= Eugene-Springfield Youth Orchestras =

Youth orchestra in Oregon

Eugene-Springfield Youth Orchestras are the major youth orchestras serving Eugene, Oregon, United States and surrounding areas.

A youth orchestra's influence can stretch far across a community:
- It instills a sense of accomplishment in young musicians.
- It provides inspiration and performance opportunities to aspiring young musicians.
- It helps young people discover a path toward personal growth.
- It offers an additional tier of activities for the developing musician.
- It creates cultural awareness and depth within a community.
— —Jason Duckles, former
Youth Orchestras director

== History ==
The Eugene Junior Symphony Orchestra was founded in 1934, supported by the newly-formed Eugene Junior Symphony Association. Founders included Mrs. C.A. Horton and Genevieve Tugman. The first conductor was Rex Underwood, and Delbert Moore was assistant conductor. In 1946, Douglas Orme became conductor, and the association began providing scholarships to musicians for private lessons.

The orchestra was renamed the Eugene Junior Symphony Association (EJSA) in 1959. EJSA sponsored a second orchestra, Junior Strings, conducted by Nathan Cammack, as a feeder orchestra for the Junior Symphony. In 1987, EJSA became the Eugene Youth Symphony Association (EYSA), with Richard Long its first music director. The Junior Strings added woodwinds, brass and percussion and became the Eugene Junior Orchestra.

EYSA became the Arts Umbrella in 1994, broadening its scope to include dance and drama classes. In 1995, David Chinburg became conductor of the Junior Orchestra, and the organization also sponsored a Cadet Orchestra (now called the Little Symphony), led by Forrest Moyer. A fourth orchestra, Encore Strings, was added to the existing program, later becoming String Academy 2.

The Arts Umbrella received the Fentress Award in 2004, for "exceptional work and achievement in the arts".

Richard Long continued to serve as the director until the beginning of the 2009 season. The 2009 season was directed by Dave Chinburg, and orchestra conductors included University of Oregon music professors Robert Ponto and Fritz Gearhart for the first half of the season, and Lane Community College music instructor Ron Bertucci for the last half of the season. Jason Duckles was hired then as Youth Symphony conductor. Myra Tam became executive director. In 2011 Michele Pound was appointed executive director and Dana Demant became Junior Orchestra conductor.

The eightieth season, in 2013, saw the organization renamed yet again as the Eugene-Springfield Youth Orchestras (ESYO), celebrating its 80th anniversary in 2014 with a "concert extravaganza". Alumna Tracy Bonham Fine debuted her new song, "We Are the Future," at the concert.

Jason Duckles conducted the Youth Symphony from 2010–2016. He noted that the long tradition of nonprofit youth orchestras reflects the values of the community.

Karen Doerfert became conductor of the Little Symphony in 2013, and in 2014 Holly Spencer was hired as ESYO's Executive Director.

The orchestras are now partly funded by a Eugene-based non-profit organization that provides arts education opportunities for children in Lane County, Oregon.
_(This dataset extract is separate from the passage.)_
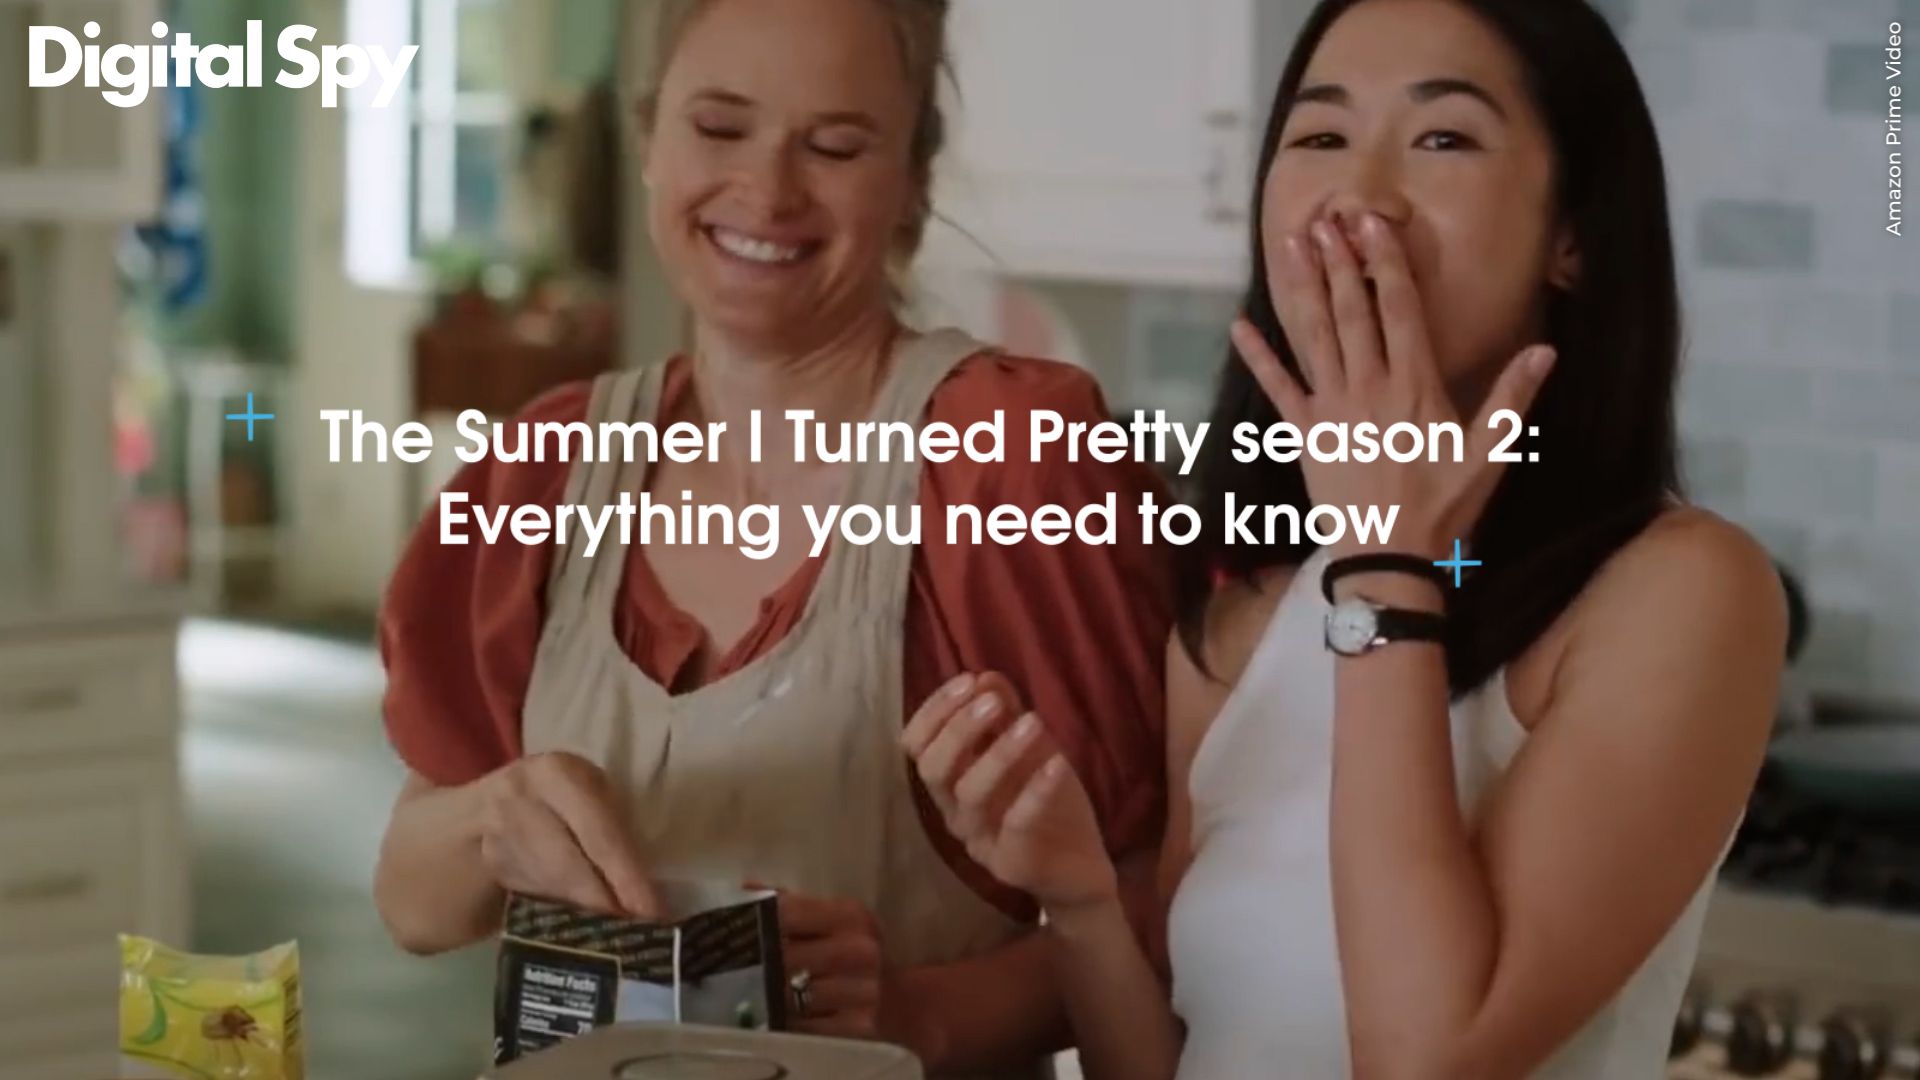 The Summer I Turned Pretty' season 2 released early

The Eugene Youth Symphony performs several concerts annually and has been conducted since 2016 by David Jacobs, director of orchestral studies at the University of Oregon.
The Eugene Opera initiated a program in 2020 to introduce ESYO players to the challenges of playing in an opera orchestra.

== Programs ==
Modern programs of the Eugene-Springfield Youth Orchestras include two String Academies, the Little Symphony, the Junior Orchestra, and the Eugene-Springfield Youth Symphony. The String Academies, working in collaboration with the school districts, teach classes, provide instruments and offer scholarships for low-income families. Due to the pandemic the ESYO put on virtual concerts during 2019—2021. The Oregon Mozart Players offered ESYO musicians a chance to play in their orchestra during the 2023 The Fountain of Youth Concert, featuring the winners of the 2023 Oregon Young Soloists Competition.